Though he’s pitched effectively since returning from injury, it’s fair to say that both Nathan and Capps have struggled this season. While Capps has managed to post the lowest walk rate of his career, his strikeout rate has plummeted to unacceptable levels. He’s also had some major issues with the home run; posting a poor 1.59 HR/9 this season. When you combine those disturbing trends with Capps’ recent struggles, it’s easy to see why Ron Gardenhire didn’t hesitate to make a change.

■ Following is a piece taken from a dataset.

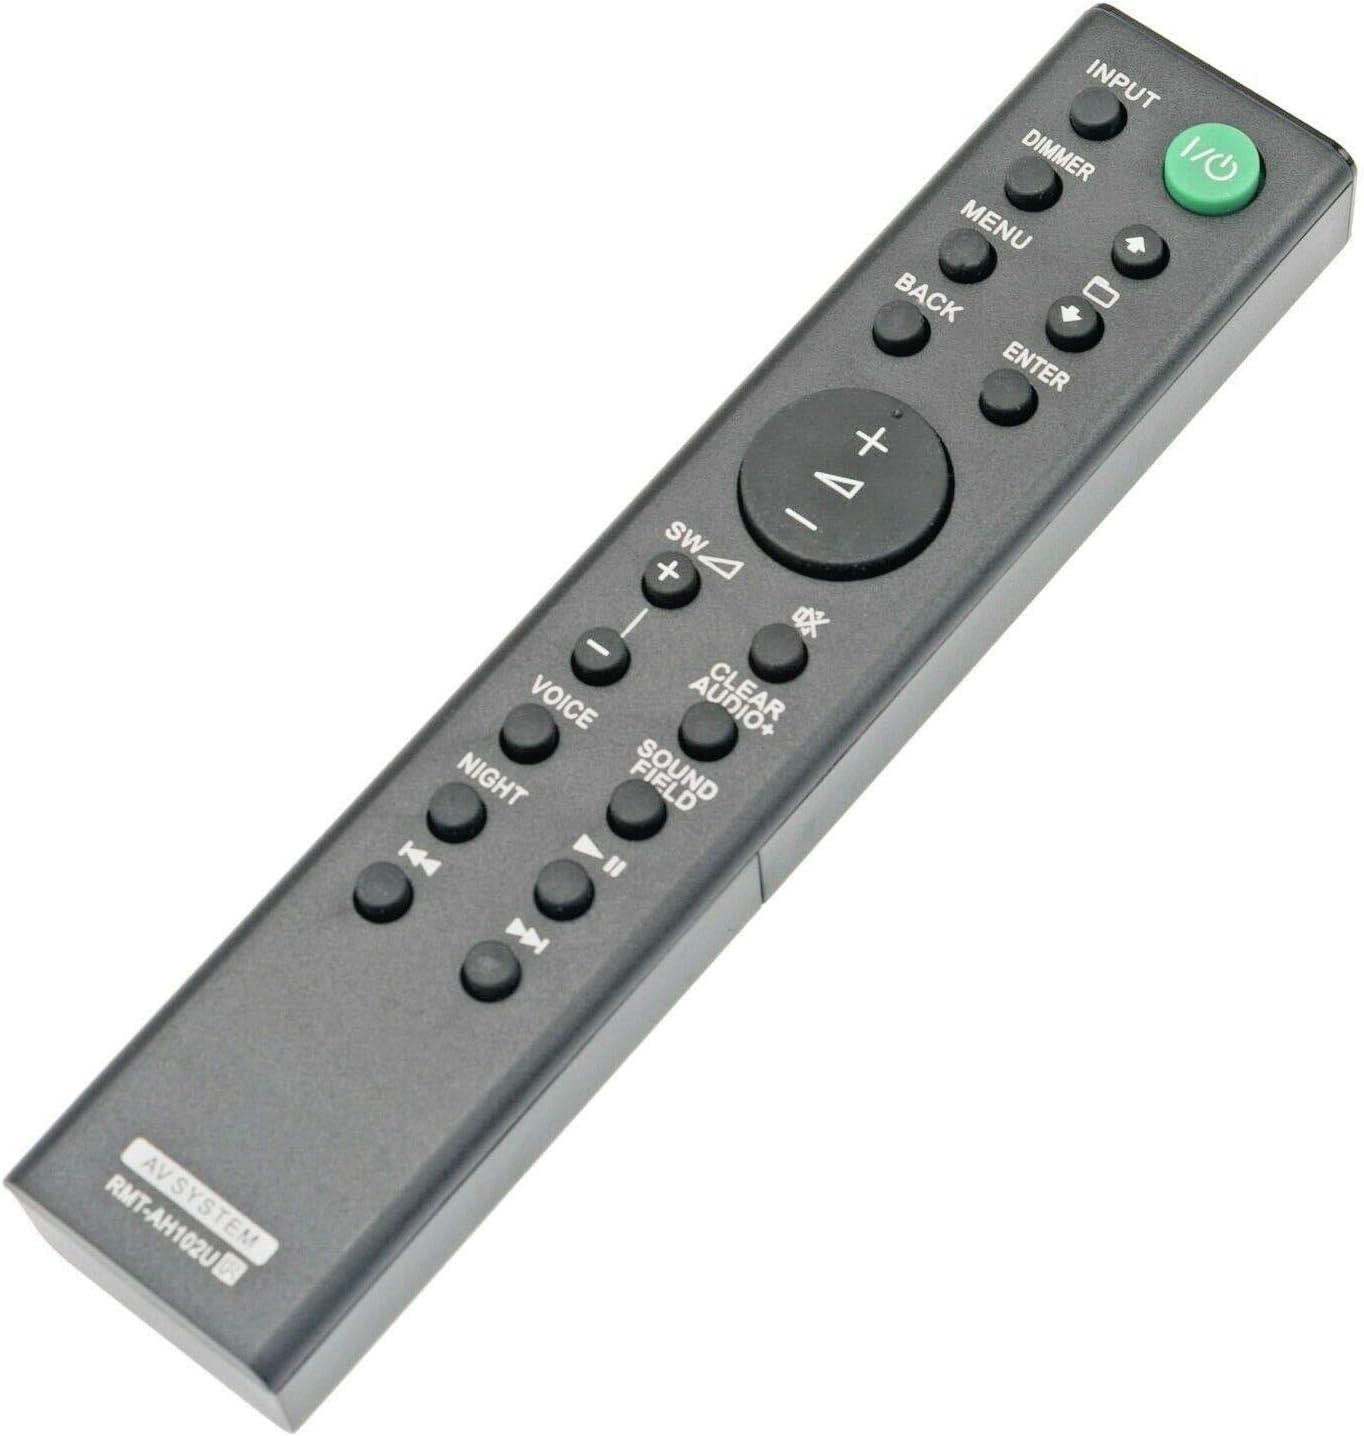 Remote Control RMT-AH102U RMTAH102U for Sony AV System HT-XT100 HTXT100 Replaced

At the same time, it’s tough to evaluate Joe Nathan’s uneven performance this season. While Nathan’s peripherals only appear to be slightly worse than his career numbers, they are a far cry from the dominant Nathan we’ve come to know over the past seven seasons. Nathan’s career numbers are a bit deceiving, as he really struggled in his first 187 professional innings. Since joining the Twins, his strikeout rate has consistently hovered around 10; with his walk rate averaging about 2.5 per nine innings. Looking at his numbers through that prism, Nathan’s 8.37 K/9 and 3.42 BB/9 look pedestrian compared to his last seven seasons. Perhaps that’s to be expected; as it takes time to fully recover from Tommy John.

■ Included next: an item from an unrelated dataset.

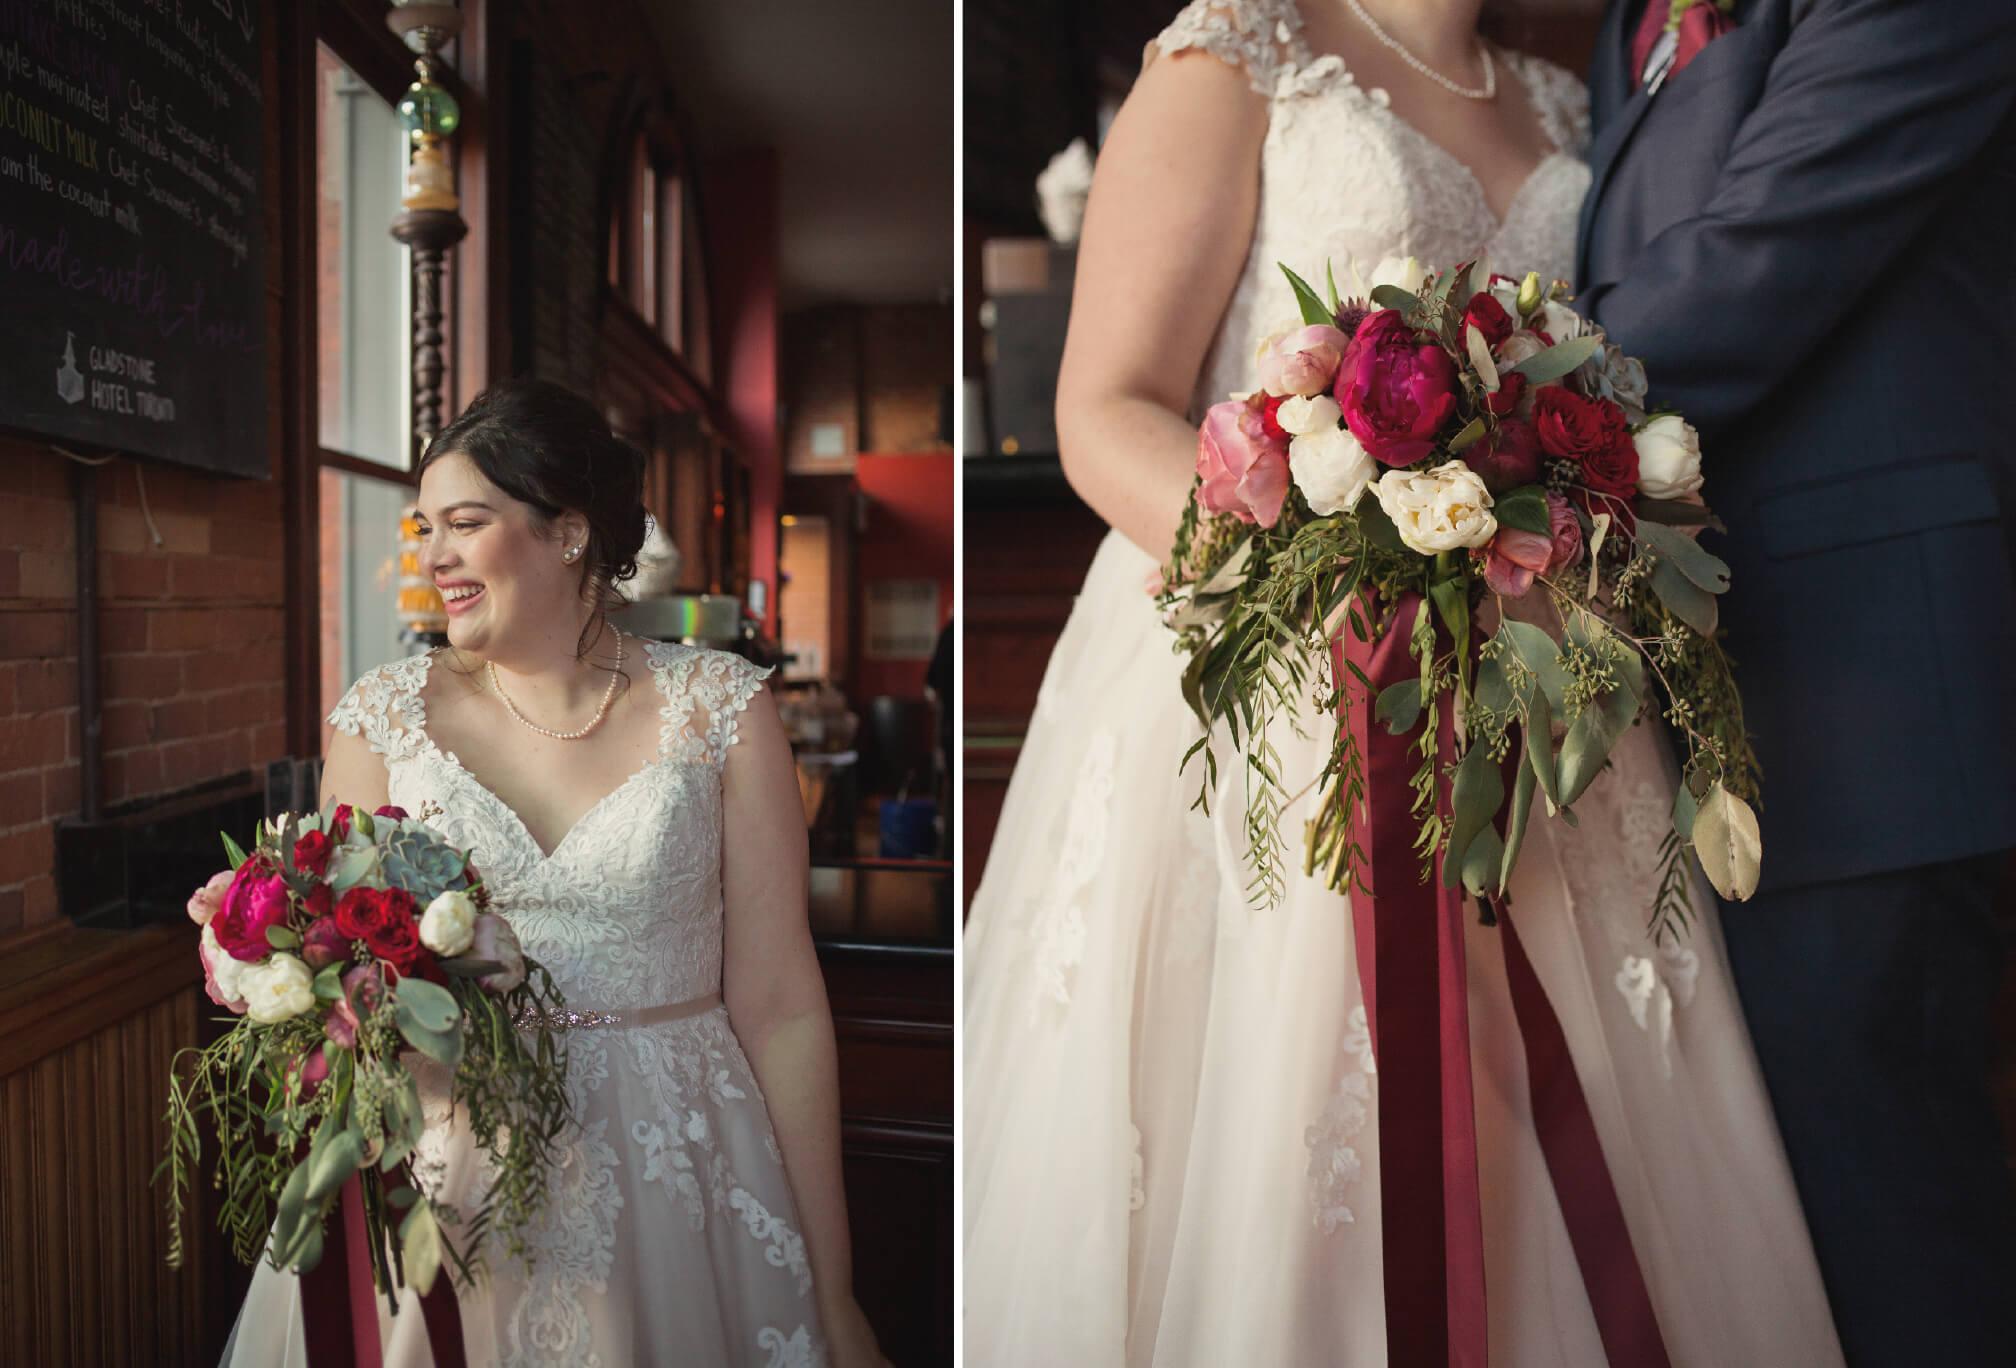 bride and groom photo locations gladstone

While his elbow soreness looked like a harbinger of additional struggles, Nathan has pitched really well since his return; albeit in a really small sample. In 8.1 innings pitched, Nathan has allowed only four hits; while striking out seven and walking none. There is another — and perhaps more significant — reason to buy into Nathan’s recent resurgence; his velocity. While his fastball velocity hasn’t fully recovered, his PitchFx charts reveal that he has regained some velocity since returning from his injury. Nathan has really struggled when throwing the fastball this season, leading to a terrible -4.1 pitch type value this season. The increase in velocity should help in that area.
It hasn’t been a large sample, but there’s reason to believe Joe Nathan is ready to close again. His performance since returning from elbow soreness has been tough to discount, and his velocity appears to be creeping back towards pre-injury levels. Perhaps most importantly, he seems to have the confidence of Ron Gardenhire at this point, and a lengthy track record as a dominant closer. Gardenhire has succeeded with Nathan before, and will likely give him a decent leash even if he starts to struggle again. At this point, Nathan looks like a strong pickup in any leagues where fed-up owners gave up on his comeback. We may have seen the last of Matt Capps in the Twins’ closer role this season.